Post-partum et plus si affinités

11 octobre 2017 § Poster un commentaire

Ça faisait un bail, mais j’ai été un peu occupée ces derniers temps. Du genre, je suis devenue maman, c’est trop génial et tout, et du coup j’ai plein d’anecdotes rigolotes à vous raconter.

Bon, déjà, comment on va l’appeler ? Non, je ne parle pas du bébé.

Posons le contexte. Vous vivez avec votre amoureux, vous décidez de faire un bébé, vous faites un bébé : la vie est douce et simple. Et là, horreur : vous découvrez que vous n’êtes pas mariée.

« Vous n’êtes pas immunisée contre la toxoplasmose ? C’est votre mari qui changera la litière du chat dans ce cas ! »
« Connaissez vous le groupe sanguin de votre mari ? »
« Pendant le travail, votre mari pourra soulager la douleur en vous massant le dos… »

Mais de qui me parlez-vous ?

« Votre conjoint », « le papa », il y a plein de façons de le désigner, alors pourquoi « votre mari », en 2017, à une époque où le mariage n’intéresse plus que les gays ?

J’ai eu parfois envie de rectifier en l’appelant « mon plan cul », mais ma bonne éducation légendaire a pris le dessus. Pourtant, il est définitivement mon seul et unique plan cul depuis un bail.

Du coup, si ça ne vous dérange pas, dans cet article, on va l’appeler « mon PC ».

Et c’est parti pour les anecdotes.

Grossesse : ambiance pregnancy police

« Vous êtes mariés ? »
« C’était voulu ? »
« Tu devrais manger plus… »*
« Tu es sûre que tu es enceinte ? »

*Mon médecin m’a conseillé de me reposer, pas de me gaver !

Post-partum : ambiance mère indigne

« Tu la nourris, ta fille ? »
comprenez : « tu l’allaites ? »

« Est-ce que tu vas élever ton bébé? »
comprenez : « est-ce que tu prends un congé parental ? »

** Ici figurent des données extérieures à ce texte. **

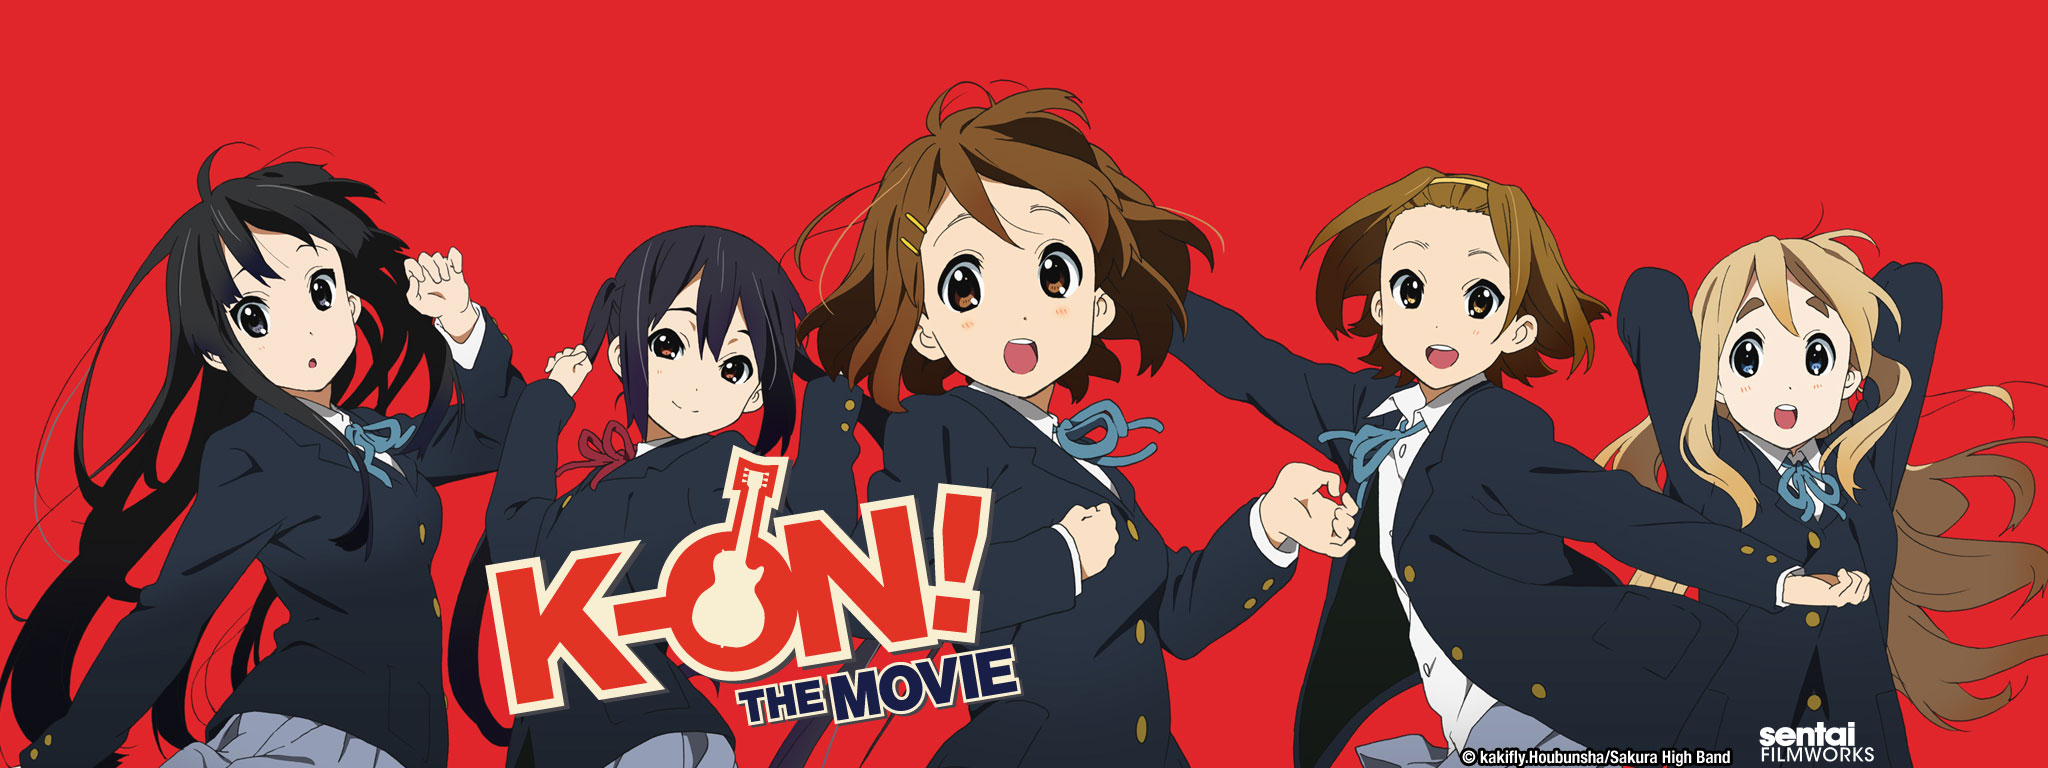 Title Art for K-ON!: The Movie

Reprise du boulot : ambiance c’est pas pareil pour le papa

« Tiens, salut, mais où est ton bébé ? »

Oh, je l’ai laissé devant la porte avec une pancarte « maman travaille », il y aura bien quelques passants pour lui jeter quelques boudoirs bio à la fleur d’oranger.

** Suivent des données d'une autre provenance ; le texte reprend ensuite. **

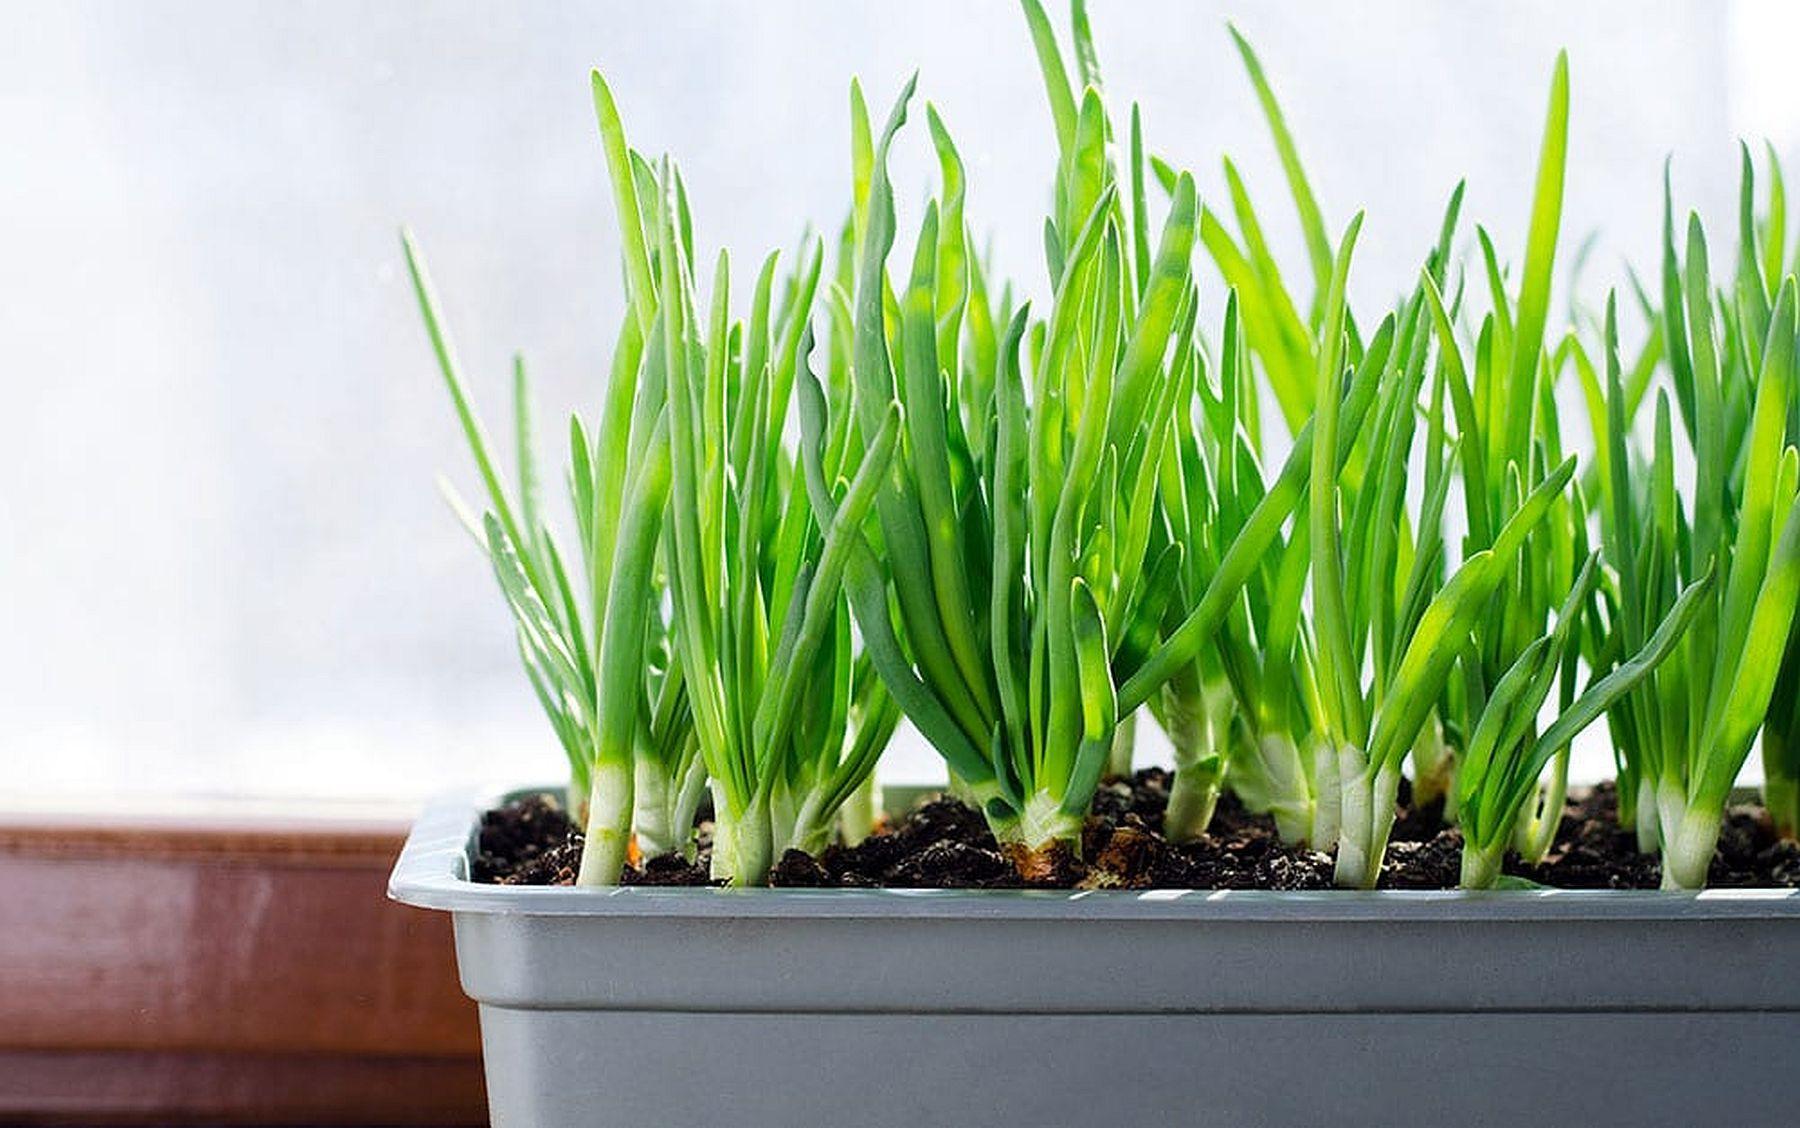 Growth In Gardening Growing Green Onions San Marcos Record,Cellulose In Food Definition

Vie sociale : ambiance théorie du genre

« Oh la petite princesse ! »
« Regarde comme elle minaude. »
« Tu habilles ta fille comme un garçon. »

J’ignorais que le style jean-body était particulièrement masculin.

Éclairage sur le concept de pregnancy police

La pregnancy police, ou PP, commence dès la grossesse, et continue pendant le post-partum (j’adore ce mot, il m’évoque cette douce période des nuits blanches, de la rééducation du périnée et des seins qui débordent de lait, pendant que mon PC est au boulot et que des ouvriers s’affairent dans la maison encore pleine de cartons de déménagement, ce qui est très pratique pour calmer des pleurs de bébé et allaiter en toute intimité.)

La PP continue pendant le post-partum, donc, et si j’ai bien compris, en fait, elle ne s’arrête jamais.

La PP s’adresse aux mères, bien entendu.
Des pères un peu absents, ou un peu, disons, pas très intéressés, la PP dira avec tendresse : « ah les papas, ils font comme ils peuvent ! »
Les pères qui changent les couches, se lèvent la nuit, sortent les poubelles, se sentent un minimum concernés par le projet, sont automatiquement nominés par la PP pour recevoir la légion d’honneur.
(D’ailleurs mon PC ne va pas tarder à être décoré.)

La PP, ce sont toutes ces personnes qui, à partir du moment où tu portes la vie, savent mieux que toi ce qui est bon pour toi et pour ton enfant. Et te le font savoir.

La PP peut se manifester de manière bienveillante (« tu devrais manger plus », donc), mais aussi de manière indiscrète (quand je prenais le bus avec ma fille de quelques semaines, il y avait toujours une dame pour me demander si je la « nourrissais ») (oui, et je suis en train d’arrêter, oui c’est pas facile, les montées de lait, la fatigue, la douleur surtout, oui je sais y a des techniques à connaître, merci, non je vous assure, ah c’est mieux pour le bébé, oui j’ai déjà essayé pas mal de choses, des conseils?, non ça va aller, non ta gueule connasse).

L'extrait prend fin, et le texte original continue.